### Your instructions
Your copy of the entries below should hold exactly the lines from the one containing "Warten am Flughafen: Anfangs" to the one containing "Namrata Joshipura Metallic", inclusive, and no pictures.

### Exercise material
• • • • • • •

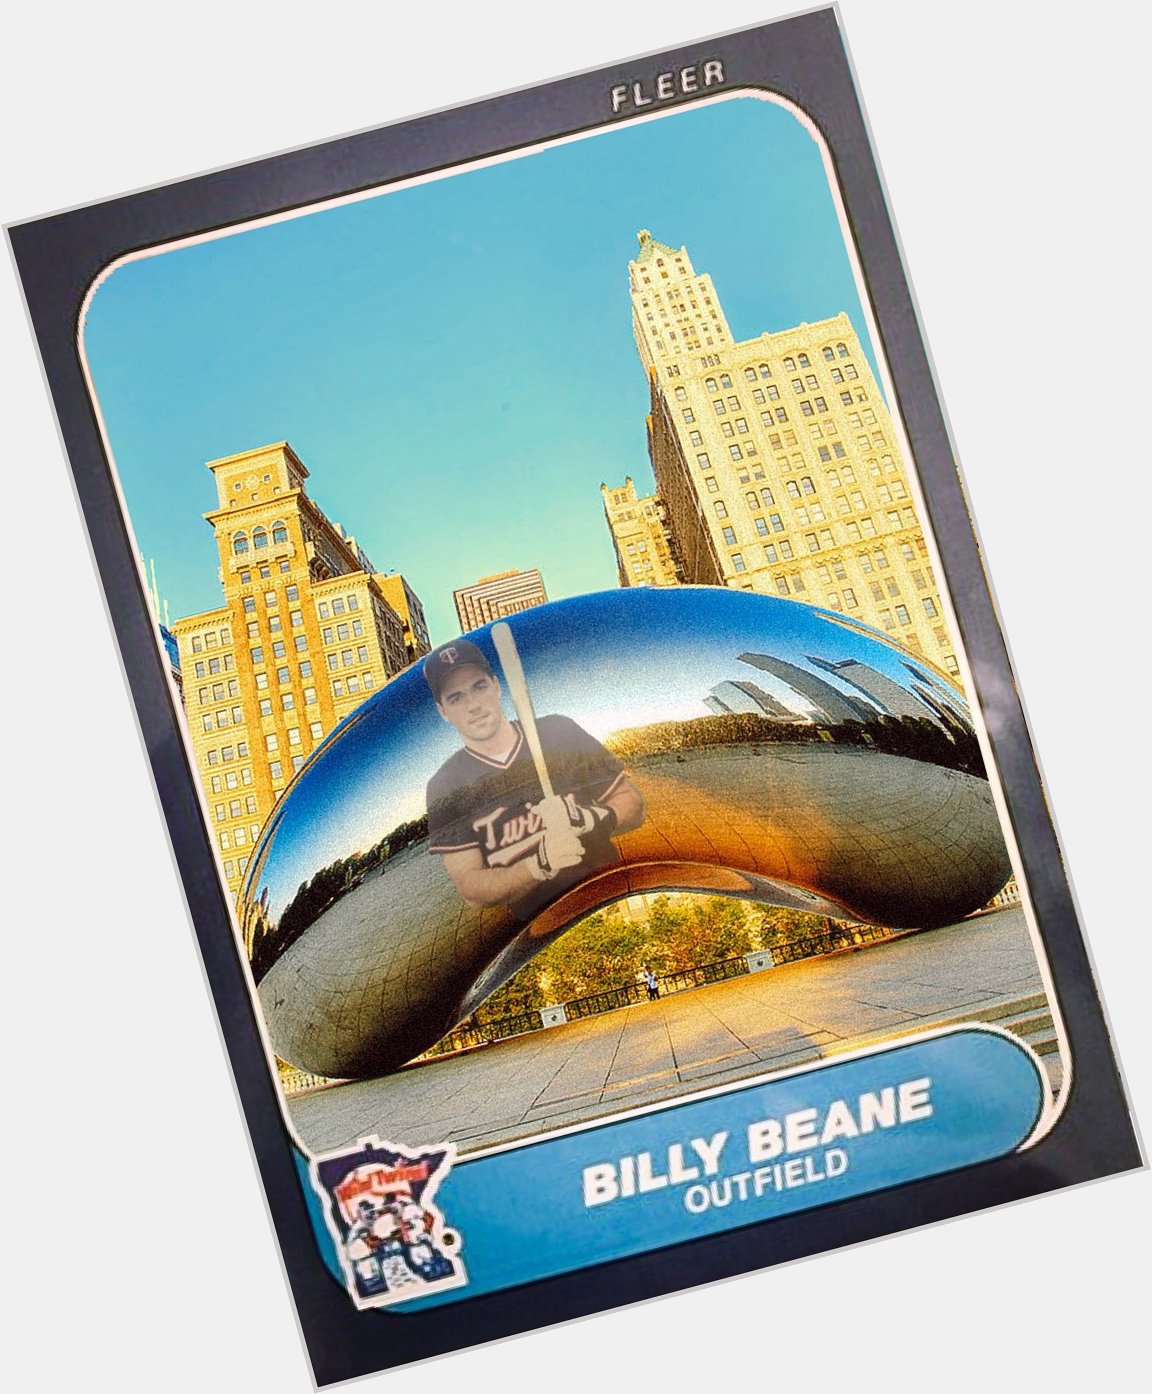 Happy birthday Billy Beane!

• • • • • • •

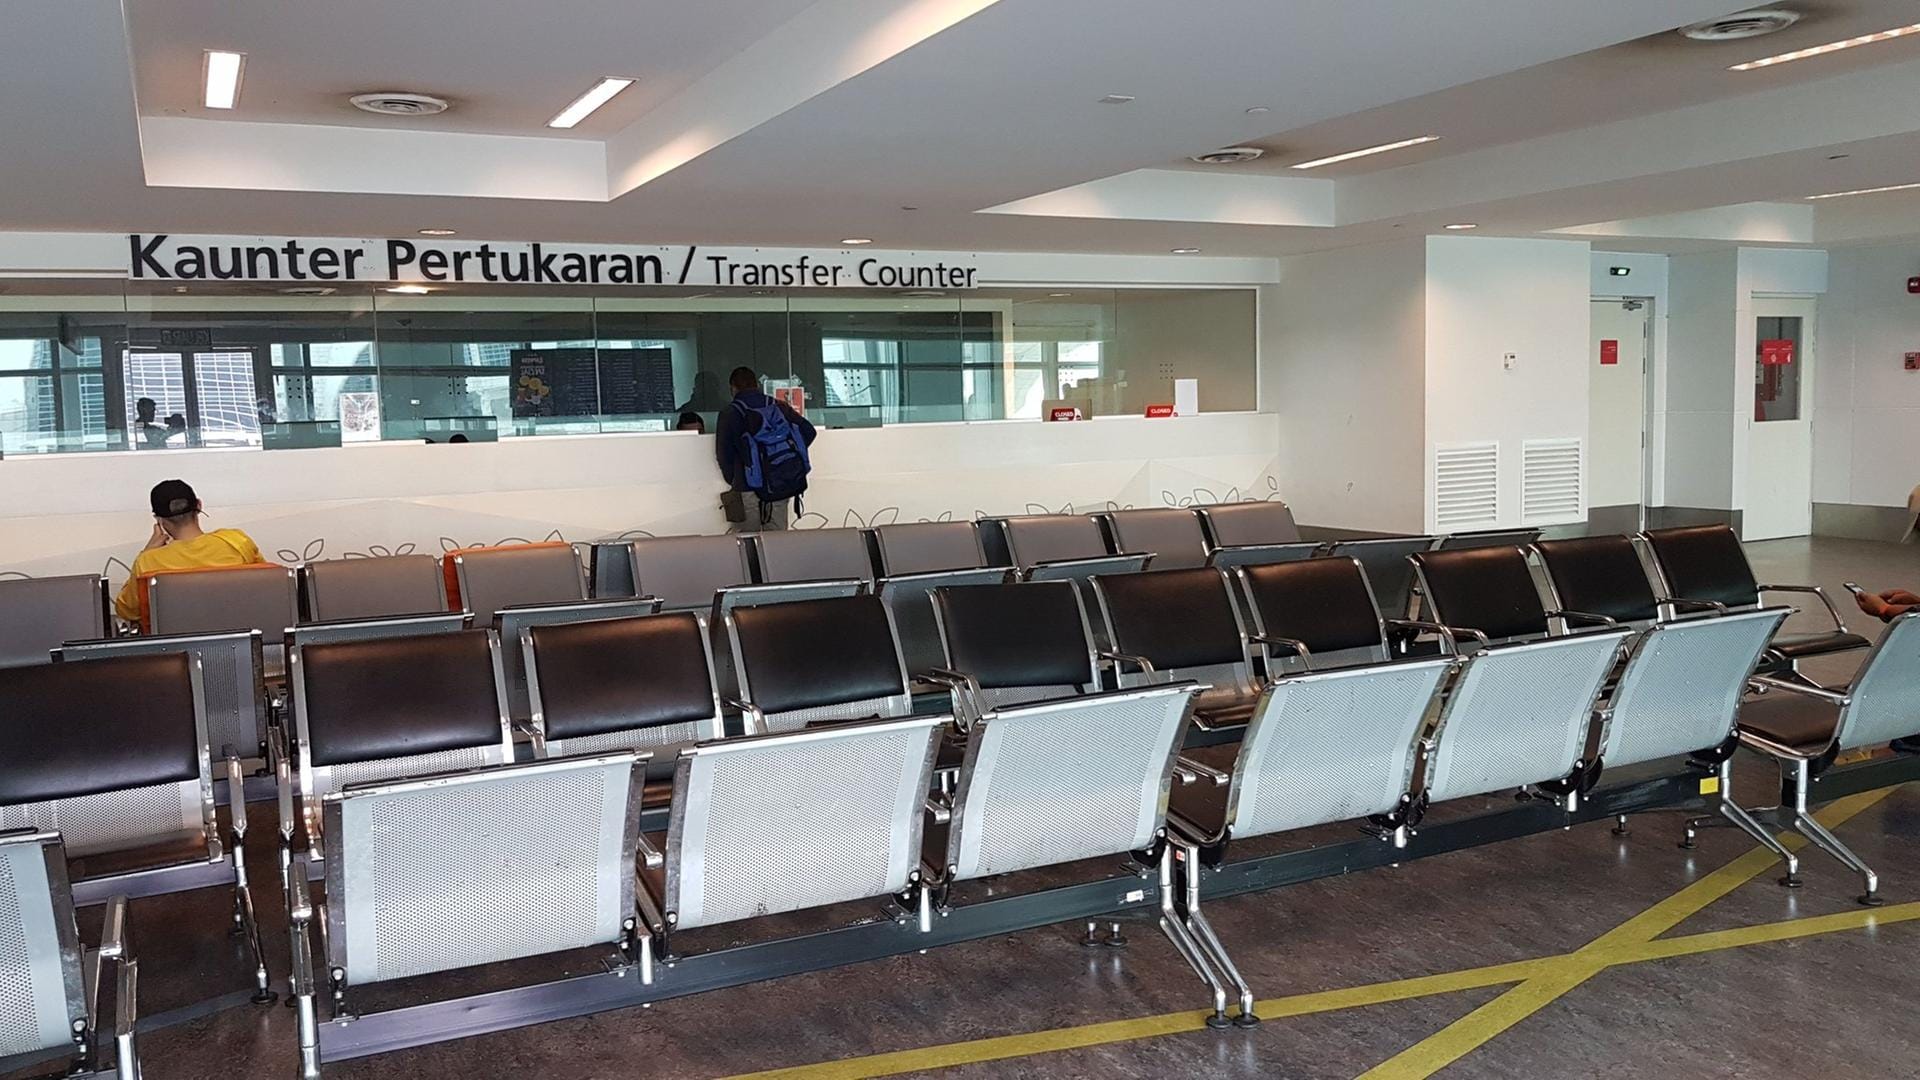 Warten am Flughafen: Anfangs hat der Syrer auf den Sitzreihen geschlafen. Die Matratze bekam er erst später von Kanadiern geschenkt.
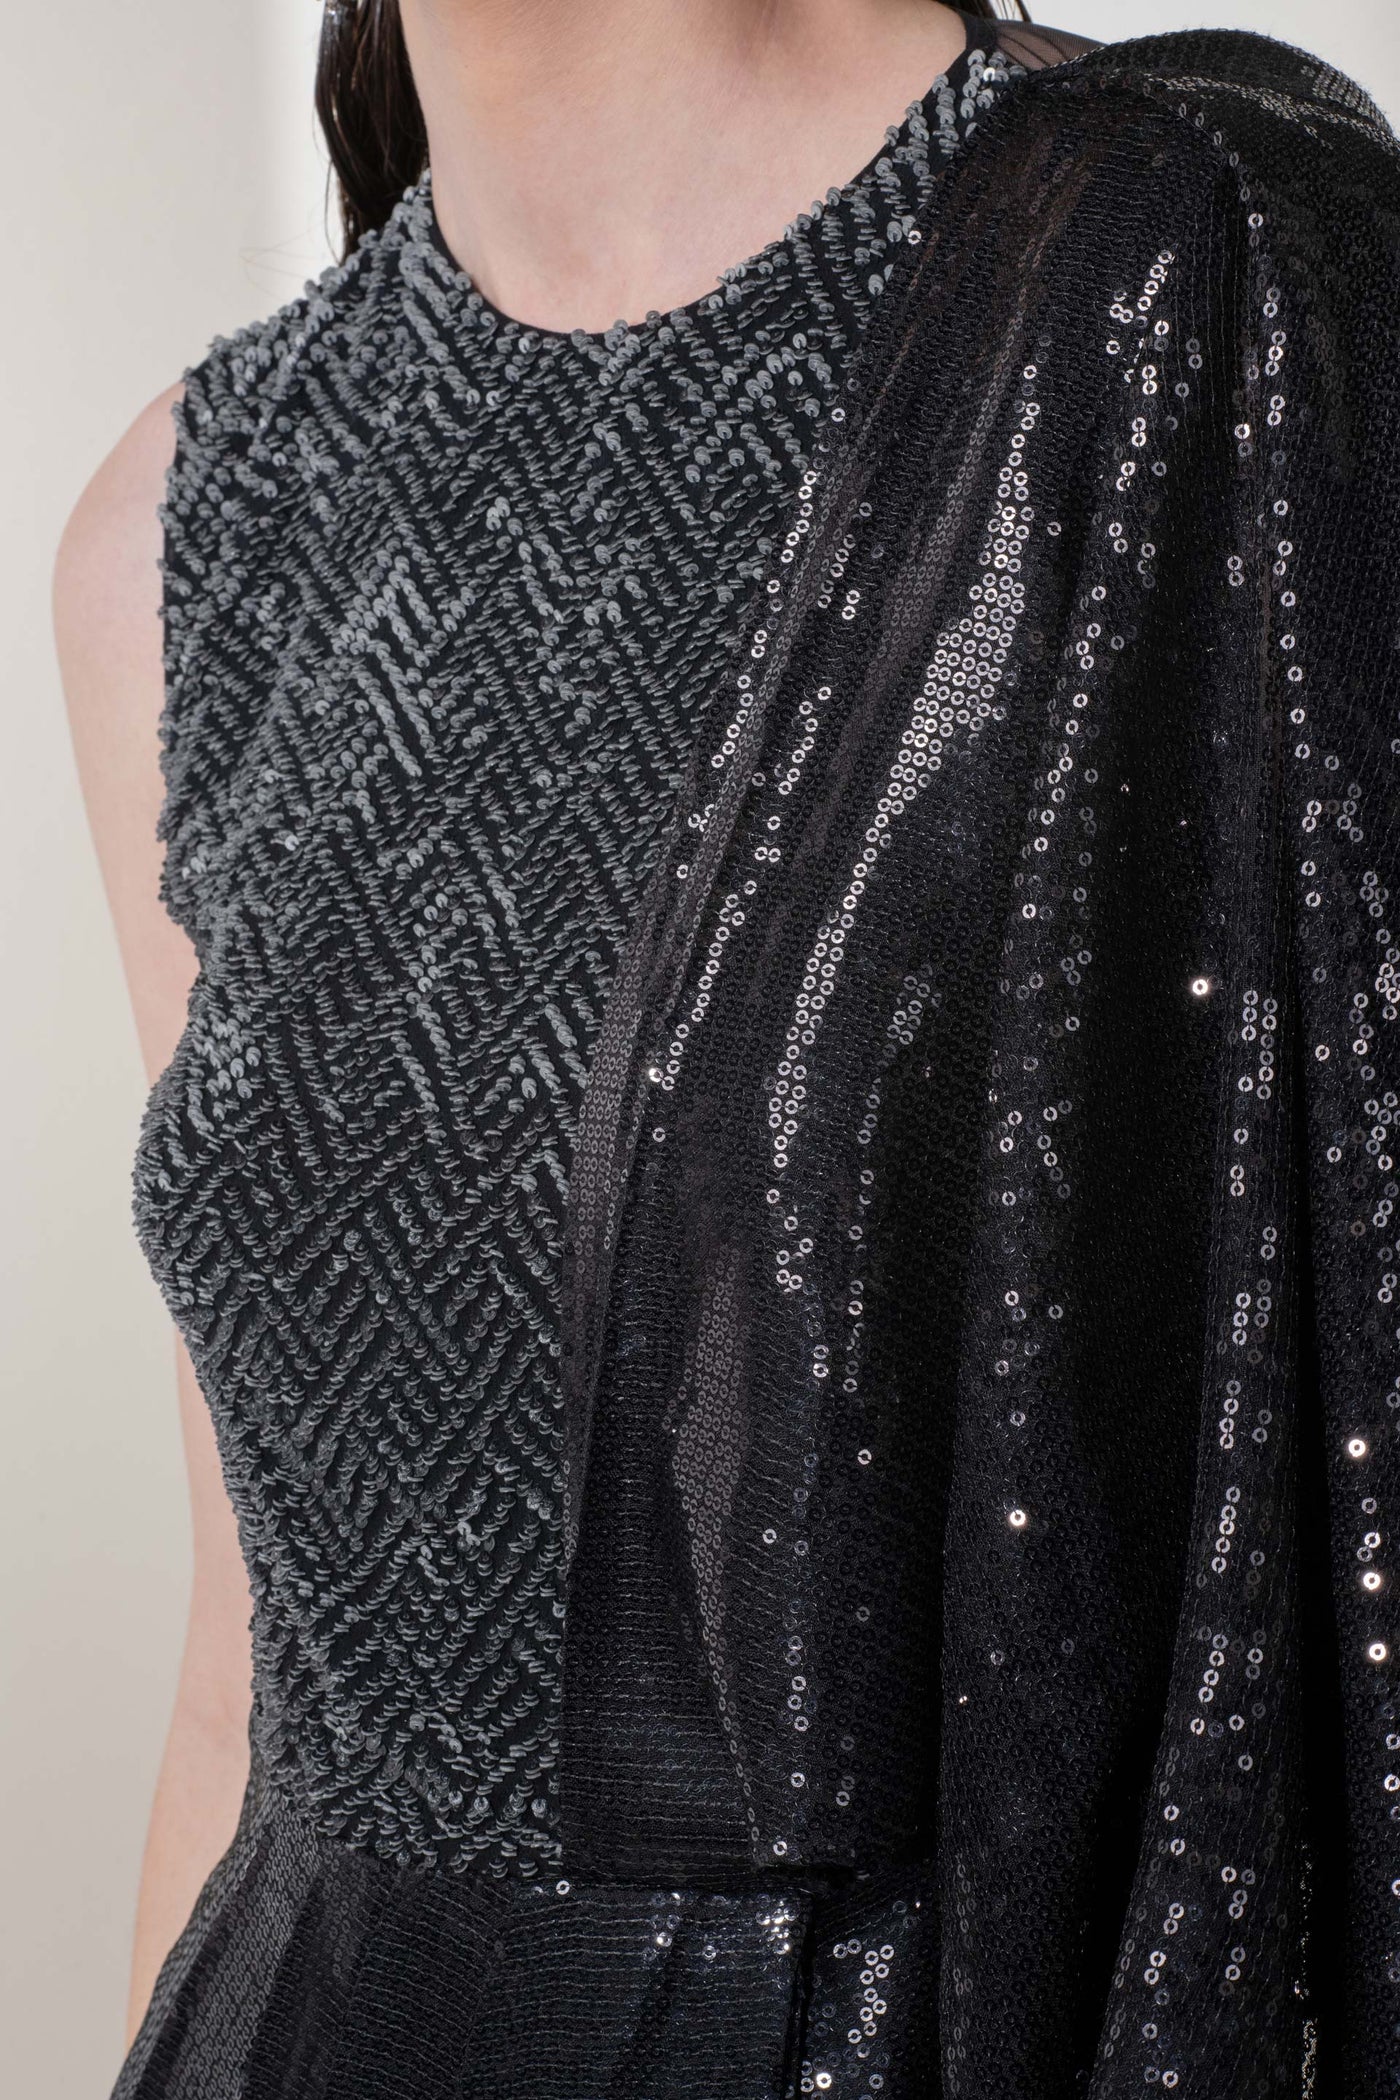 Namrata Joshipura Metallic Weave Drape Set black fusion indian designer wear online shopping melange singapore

• • • • • • •

### Result of this task
 Warten am Flughafen: Anfangs hat der Syrer auf den Sitzreihen geschlafen. Die Matratze bekam er erst später von Kanadiern geschenkt.
 Namrata Joshipura Metallic Weave Drape Set black fusion indian designer wear online shopping melange singapore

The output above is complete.